* _Task statement_
Once you find the line with "Introducción, Exención de" in the entries below, return exactly every line from it through the line with "Tennis ITF W35".

* _Data for analysis_
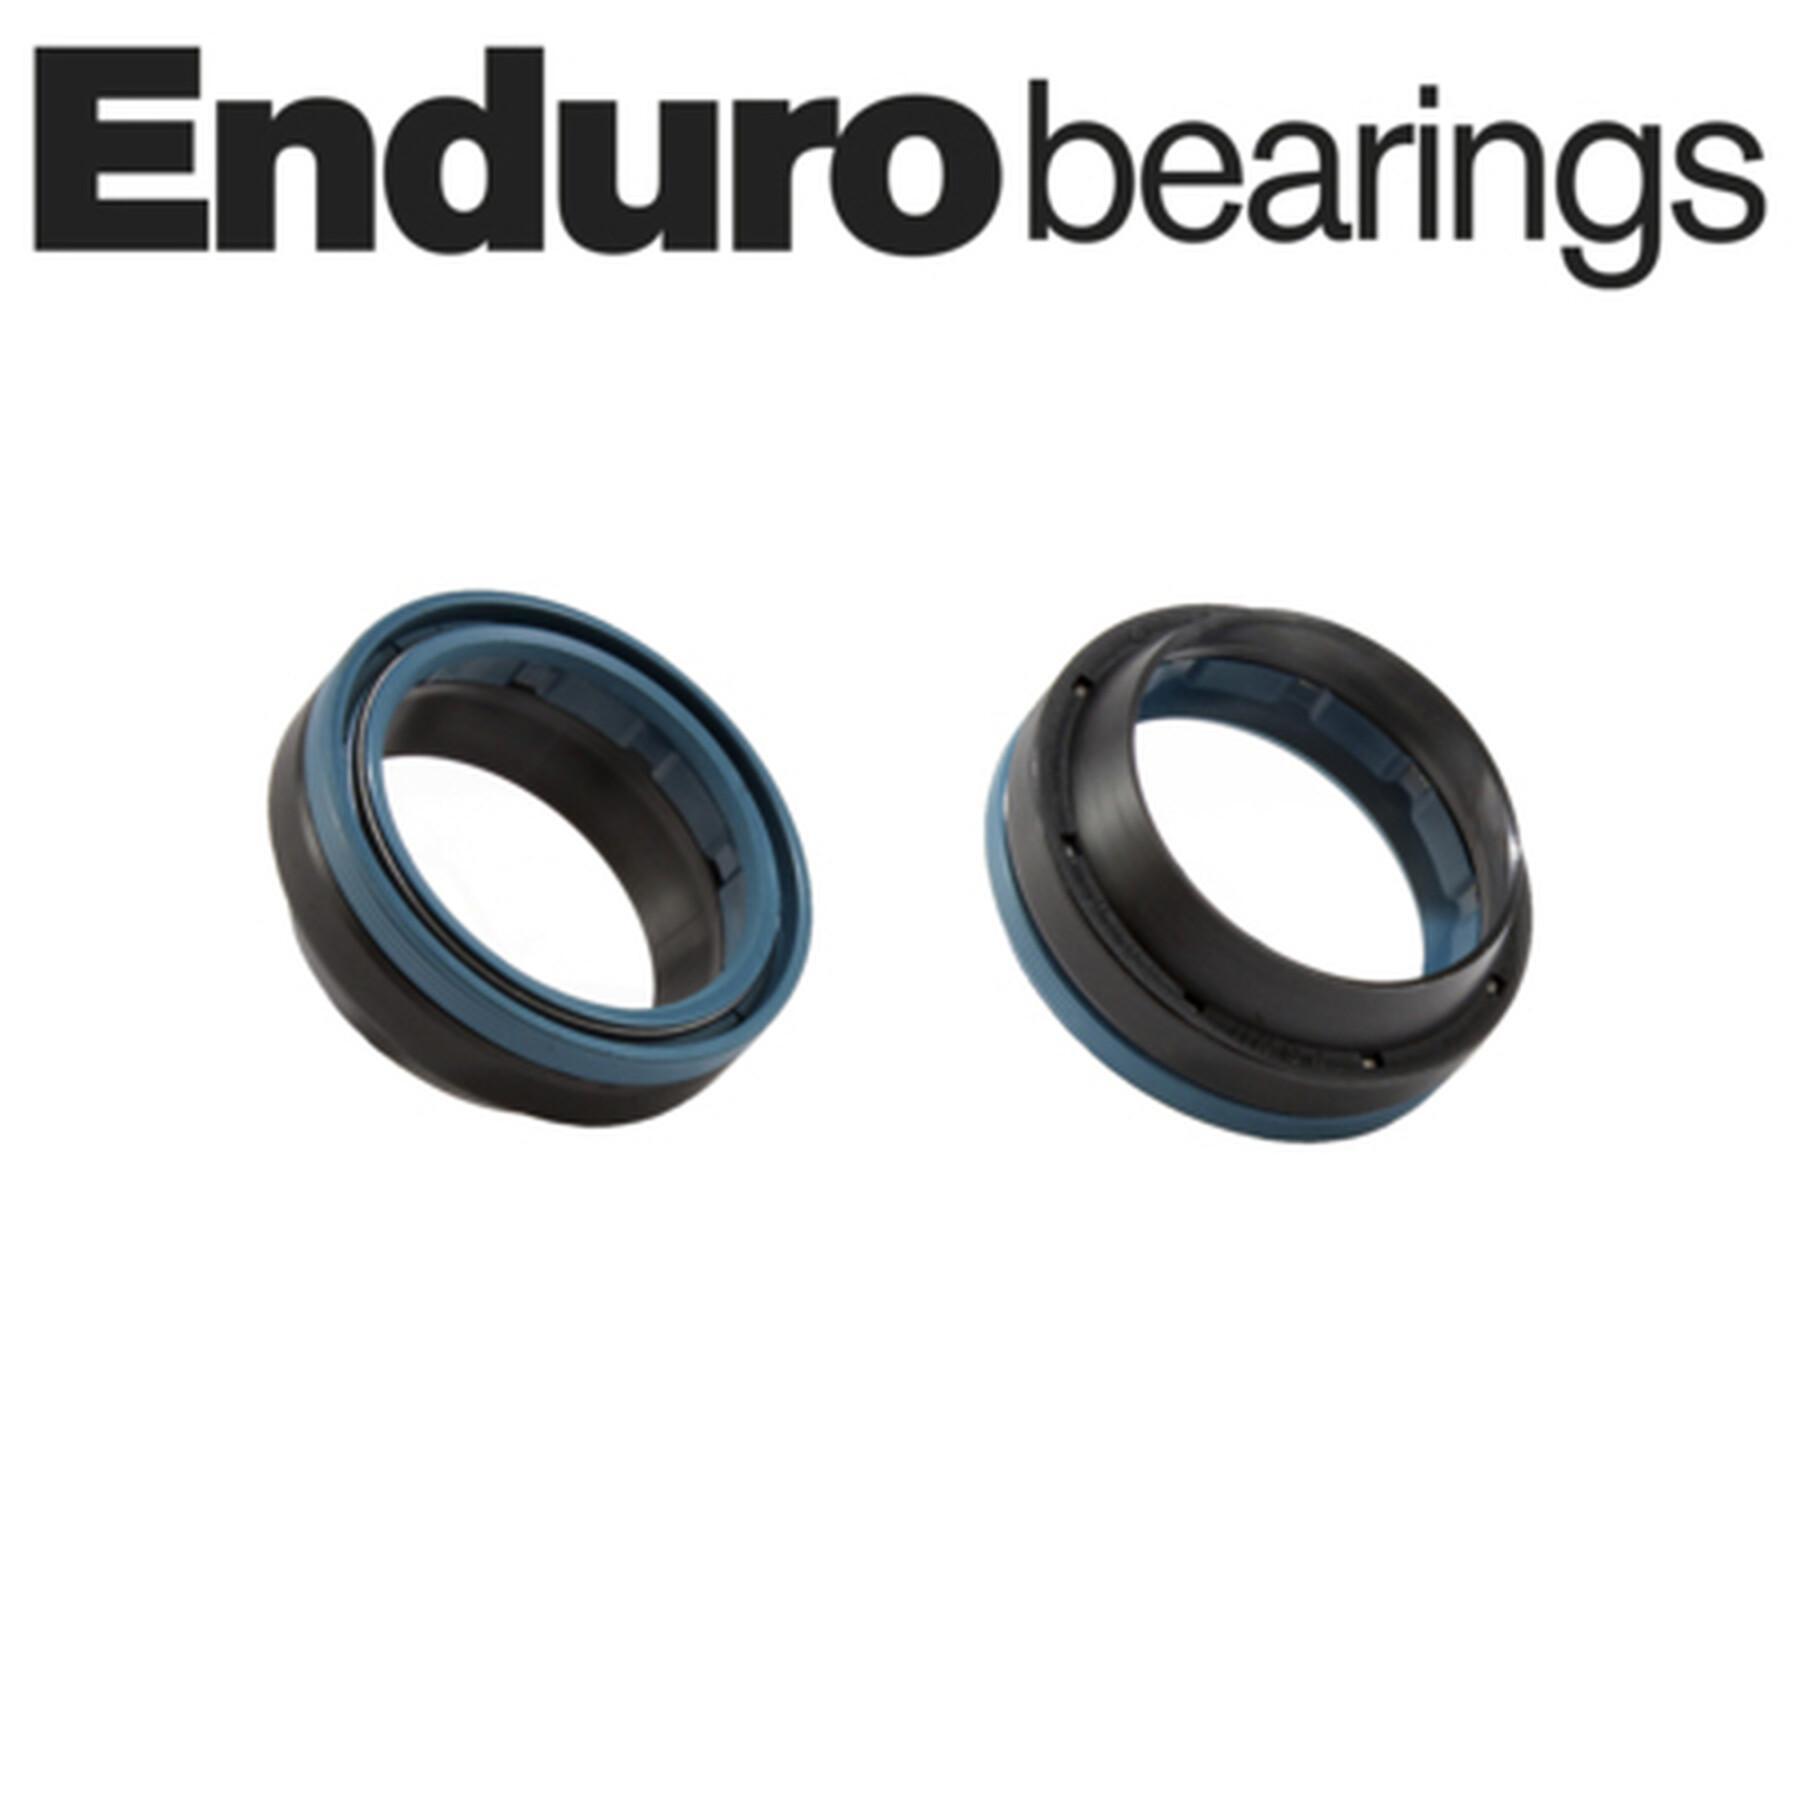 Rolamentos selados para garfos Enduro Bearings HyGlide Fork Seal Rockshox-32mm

...

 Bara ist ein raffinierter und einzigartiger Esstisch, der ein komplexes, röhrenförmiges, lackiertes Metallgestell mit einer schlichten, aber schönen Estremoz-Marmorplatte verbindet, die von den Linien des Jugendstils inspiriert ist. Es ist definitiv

* * *

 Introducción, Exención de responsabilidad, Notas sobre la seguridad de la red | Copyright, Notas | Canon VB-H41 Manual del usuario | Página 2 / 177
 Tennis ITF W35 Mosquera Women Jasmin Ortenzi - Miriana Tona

* _Exercise response_
 Introducción, Exención de responsabilidad, Notas sobre la seguridad de la red | Copyright, Notas | Canon VB-H41 Manual del usuario | Página 2 / 177
 Tennis ITF W35 Mosquera Women Jasmin Ortenzi - Miriana Tona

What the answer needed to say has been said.